Question:
Find a subgroup of order 6 in $U\left ( 700 \right )$.
Observe that $700=7.25.4$
Indeed, $gcd\left ( 7,25,4 \right )$ is $1$.
Hence, $U\left ( 7.100 \right )\cong U\left ( 7 \right ) \bigoplus U\left ( 25\right ) \bigoplus U\left ( 4 \right )$.
Noting that the order of $U\left ( 7 \right )$ is $6$, the order of $U\left ( 25\right )$ is $20$ and the order of $U\left ( 4 \right )$ is $3$, we note that the order of the external direct product is $360$.
By the fundamental theorem of cyclic group: the order of the subgroups of a group is a divisor $k$ of $n$.
Thus, $k = \left \{ 1,2,3,4,5,6,8,9,10,12,15,18,20,24,30,36,40,45,60,72,90,120,180,360 \right \}$.
A unique subgroup of order 6 of $U\left ( 700 \right )$ is $\left \langle a^{60} \right \rangle, \exists a \in U\left ( 7 \right ) \bigoplus U\left ( 25\right ) \bigoplus U\left ( 4 \right ).$
I think the general stratagem of my attempt is in the right correction but it does feel as though my attempt isn't complete.

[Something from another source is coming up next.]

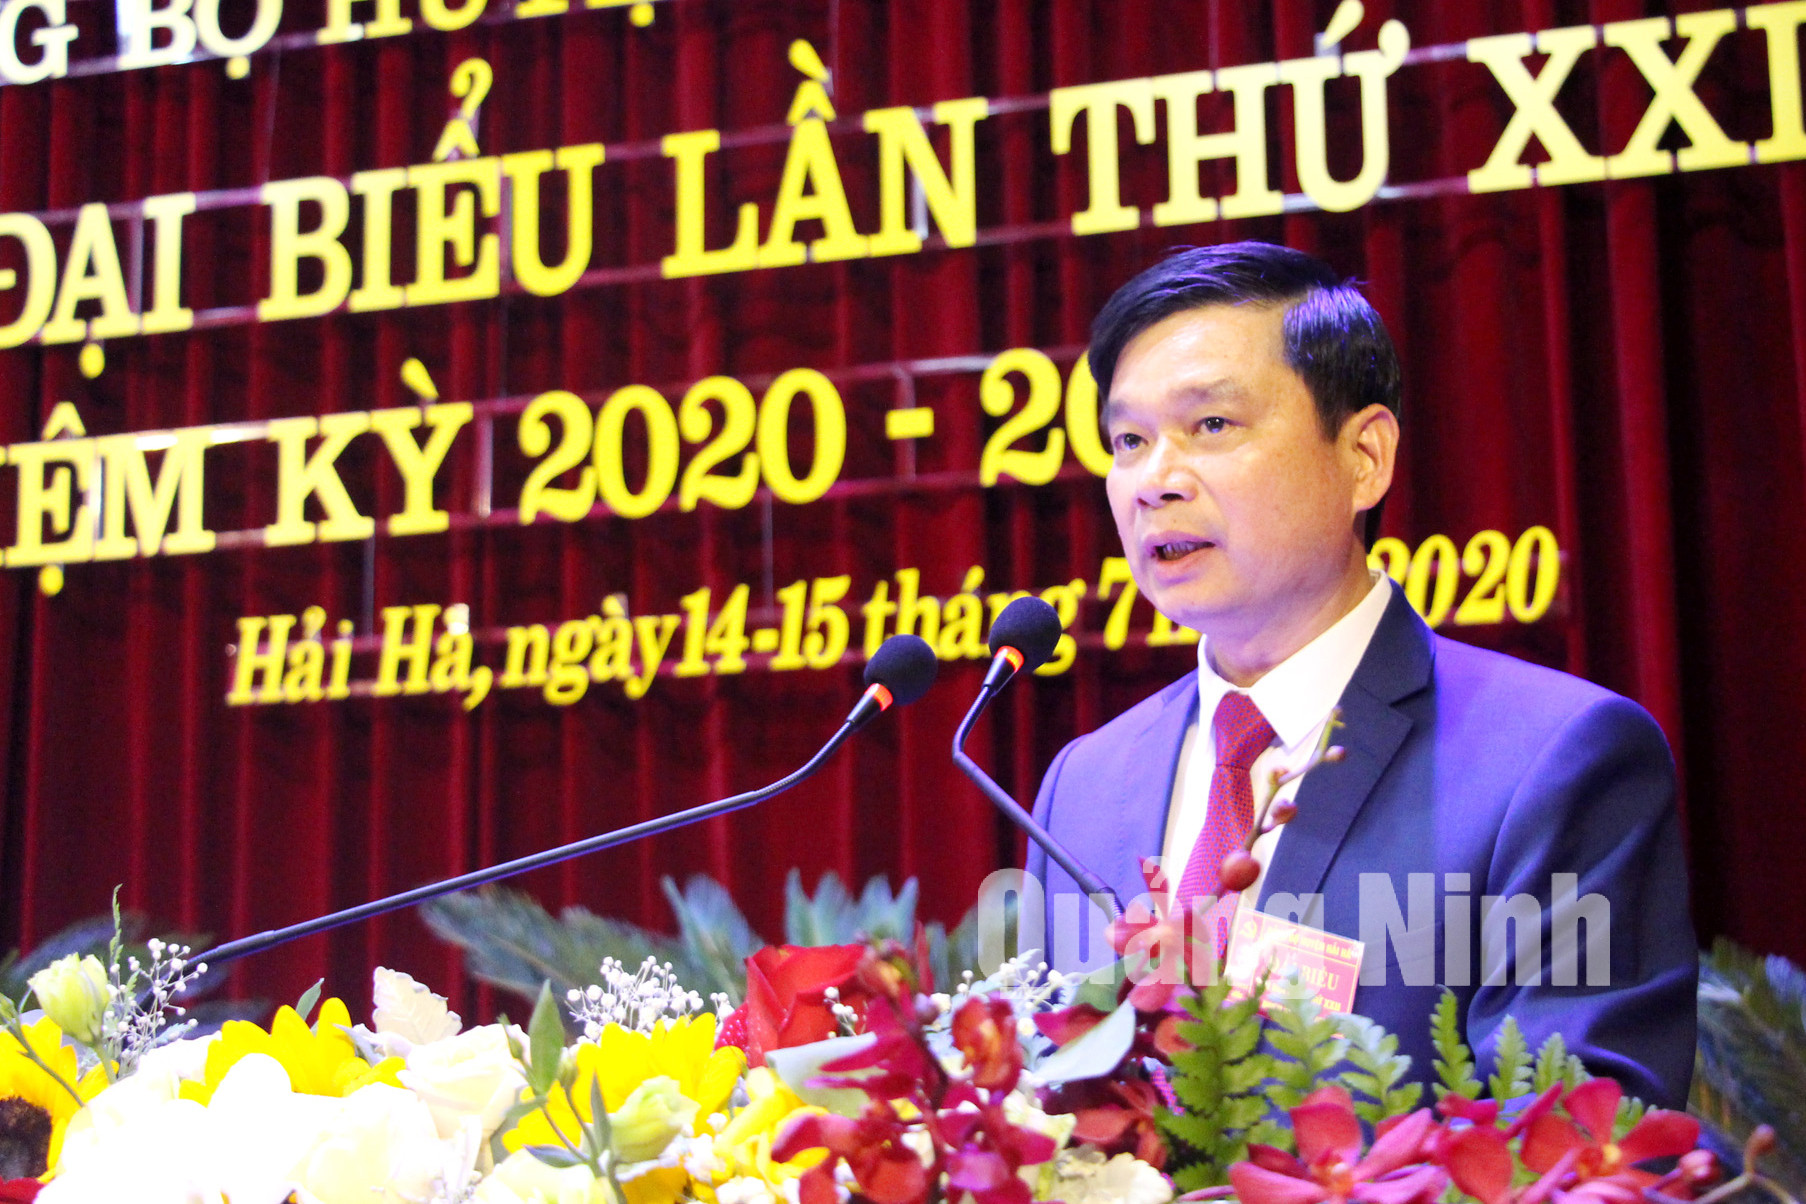 Đồng chí Phạm Xuân Đài, Bí thư Huyện ủy Hải Hà, trình bày báo cáo chính trị tại đại hội (7-2020). Ảnh: Thu Chung
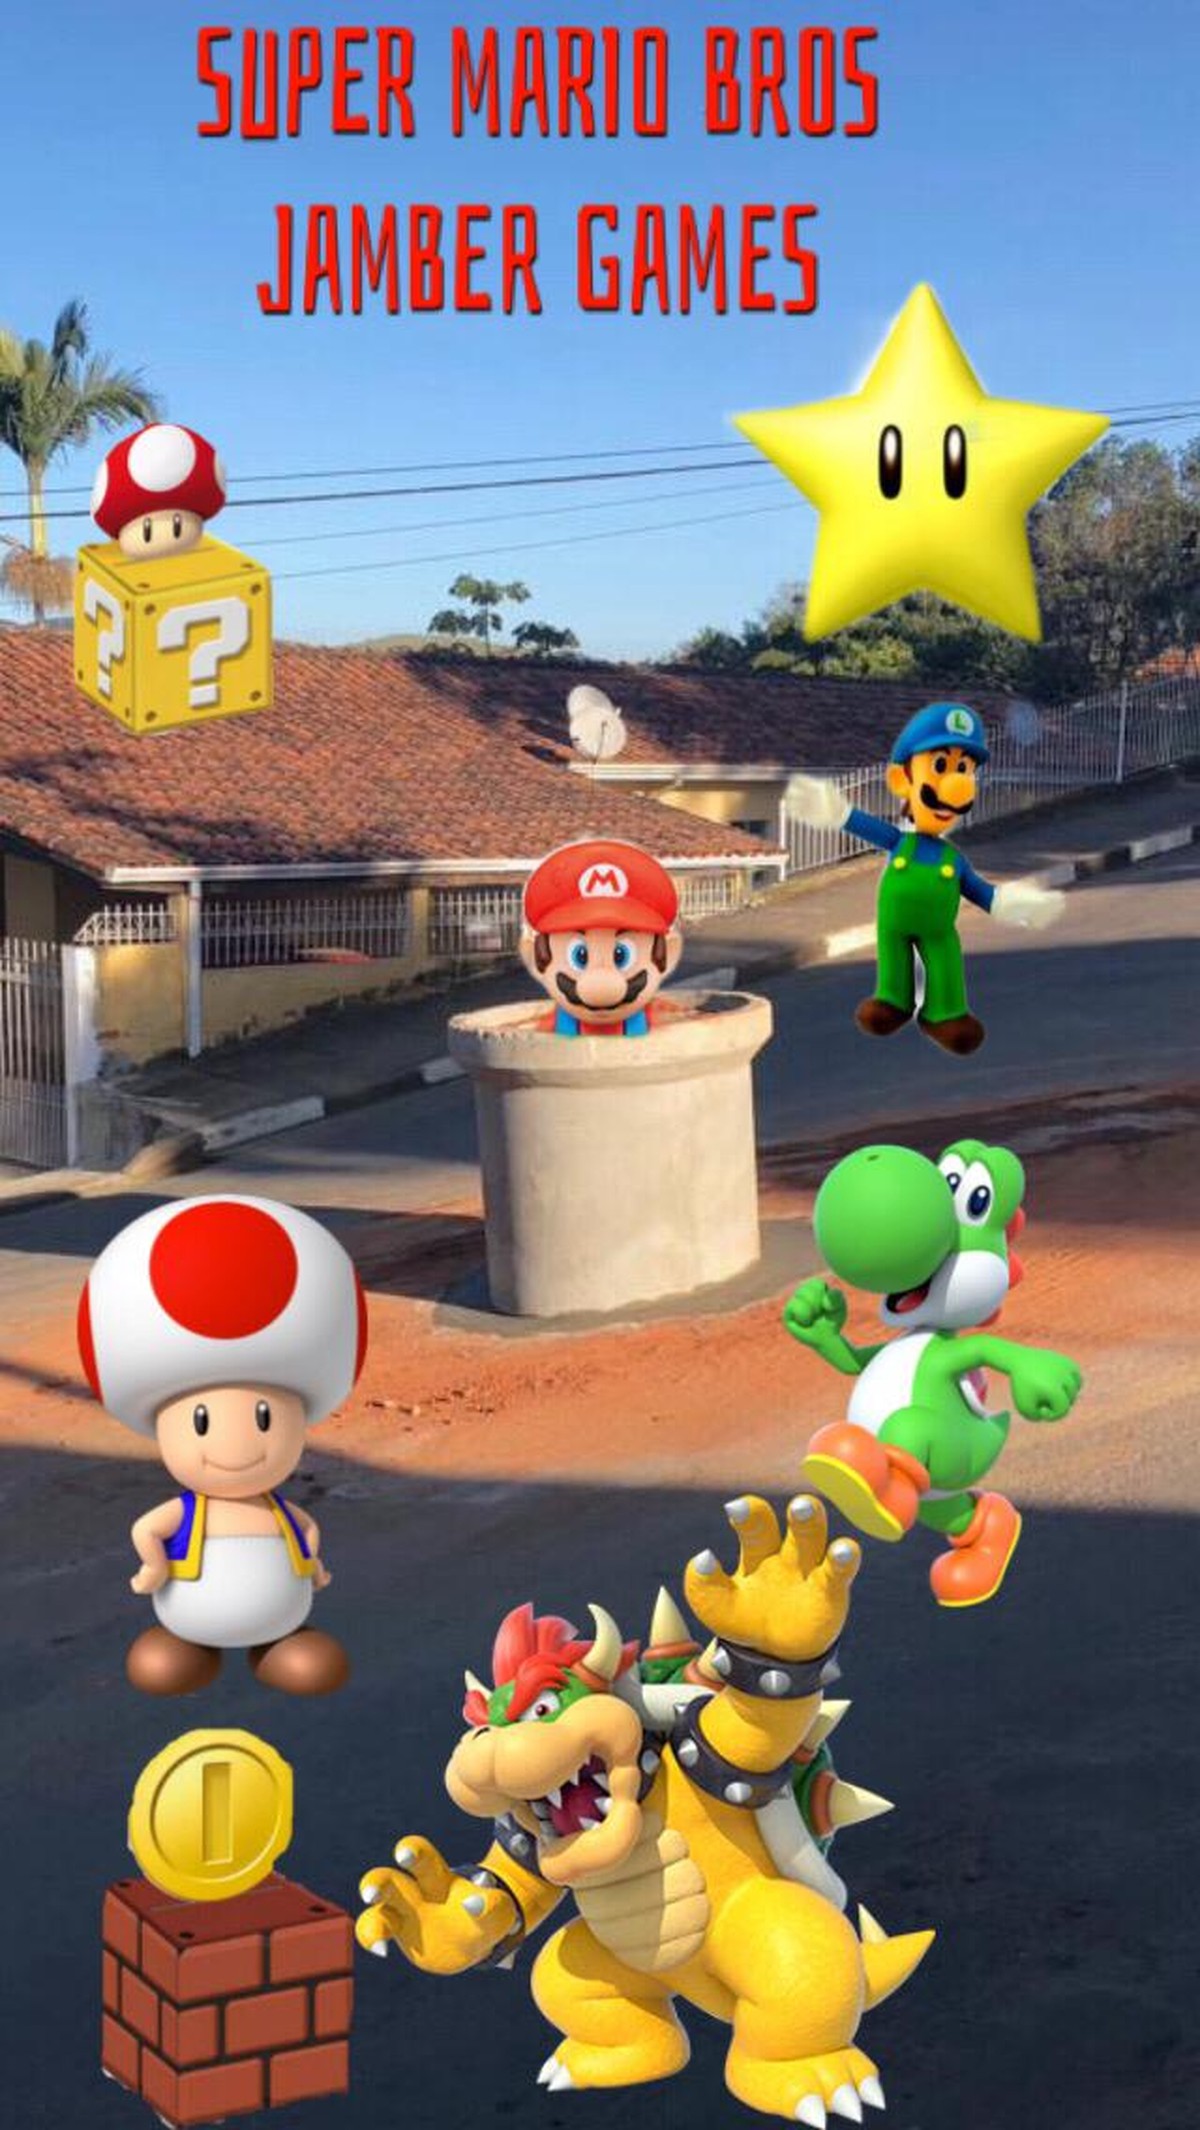 Você joga Super Mario Bros? Que tal participar de um desafio em Hortolândia!

Can I determine $a$?
Hints are more appreciated.
$U(n)$ is the group of units of the integers modulo $n$, that is it consists of elements $[x]$ with $\gcd(x,n)=1$, $[x]=[y]$ when $x\equiv y\pmod n$ and $[x][y]=[xy]$, right?
The $U(7)$ in your decomposition consists of the elements $[x]$ of $U(700)$ with $x\equiv1\pmod{100}$, that is it consists of $[1]$, $[101]$, $[201]$, $[401]$, $[501]$ and $[601]$. Have any of these order $6$ in $U(700)$?